One woman wrote about her wartime childhood in Hertfordshire: “It is one of my vividest memories as a child of people streaming along the roads and pavements of the Ware Road. All Saints Church was packed with people sitting and standing. Coming out, the churchyard too was full to bursting”

The same day an urgent request went out for boats of all sizes and shapes to cross the English Channel to rescue the besieged army, a call ultimately answered by around 800 vessels.

Yet even before the praying began curious events were happening. In a decision that infuriated his generals and still baffles historians, Hitler ordered his army to halt before the destruction of the Allied forces became inevitable. Then, on the Tuesday, bad weather grounded the Luftwaffe, allowing Allied soldiers to march unhindered to the beaches. In contrast, on Wednesday the sea was extraordinarily calm, making the first full day of evacuation less hazardous. By the time the German Army was finally ordered to renew its attack, over 198,000 British troops had been rescued from Dunkirk, along with a further 140,000 French, Belgian, Dutch, and Polish allies. Many of them were to return four years later to liberate Europe.

Now you could argue it was all a coincidence, but that’s not what people thought at the time. Sunday 9 June was declared a National Day of Thanksgiving and, encouraged by Churchill himself, the phrase ‘the Miracle of Dunkirk’ began to circulate.

“If God is with us, who is against us?” said today’s Bible reading. Now war is a terrible thing, and it does terrible things to people, even if they’re fighting in a just cause. War can only be justified in the face of an evil so great that it exceeds even the evils of war—and perhaps by the ancient wisdom that if we want peace, we need to prepare for war. So it can be a very dangerous thing to just assume that God stands with us in war. But I don’t think any of us are in much doubt that Hitler and the ideology he promoted represented a particular kind of evil beyond the usual run of ghastliness committed in the name of nations—and Dunkirk was the first tiny step towards his eventual defeat. If ever there was a place for God to grant a miracle in war, it was there.

If God is with us, who is against us? But how can we even know if God is with us if we don’t take the time to know God.

I wonder if it had to, could this country do again what it did in the Second World War?
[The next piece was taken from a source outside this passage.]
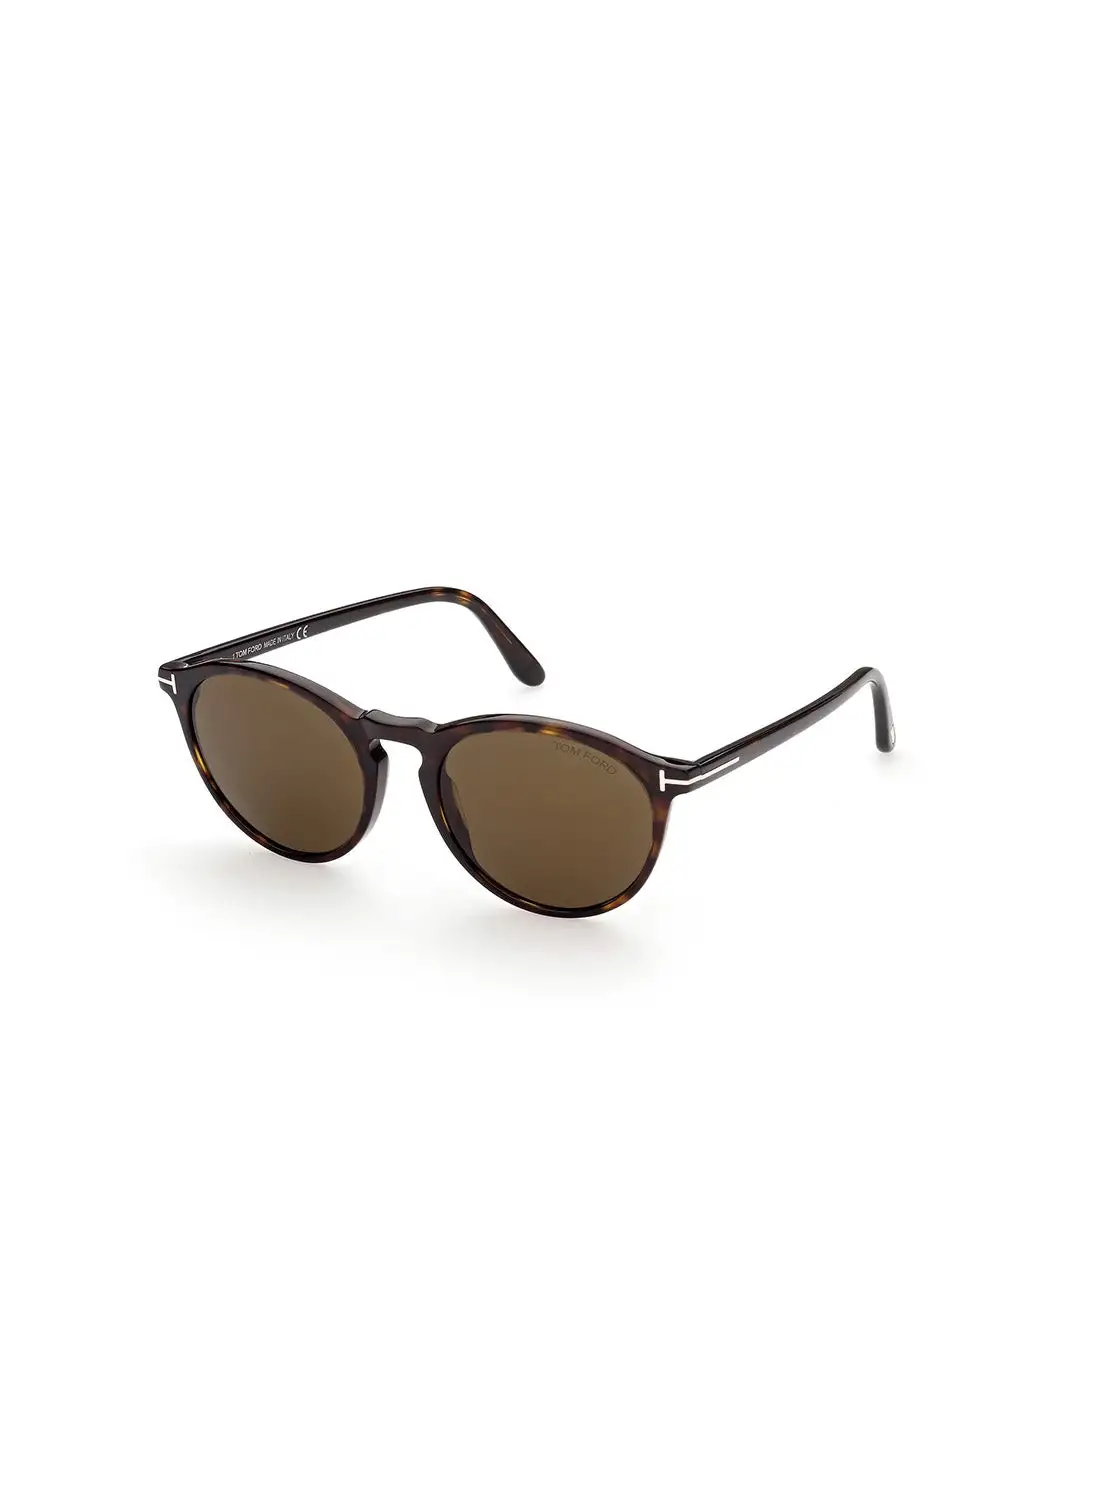 TOM FORD Men's UV Protection Round Sunglasses - FT090452J50 - Lens Size: 50 Mm

I think we suspect the answer is not positive. It’s not about being divided either… the Britain of the 1920s and ‘30s, of the General Strike and the Jarrow March, was a bitterly divided country, but people were able to transcend that when war broke out. Instead, our problems are that we are so much more individualistic, so much less disciplined, and despite all our advances in technology, so much more poorly governed. Most of all we lack a vision to inspire us.

When most of us abandoned Christianity, nothing really replaced it except a vague idea that if everyone was nice then everything would be nice, and that things could only get better. The last fifteen years or so have surely shattered that little delusion.

Remembrance Sunday is not the place for a certain type of preaching, so let me leave you with just one thought—if the guiding vision for our society can no longer be Christianity then what might replace it that would guide us through a moment like Dunkirk? And if there is nothing else that would guide us through a moment like Dunkirk, isn’t it time we returned to Christianity?

Now glory and honour be to the Holy and Undivided Trinity, the Father who made us, the Son who redeemed us, the Spirit who sustains us, this day and forevermore. Amen.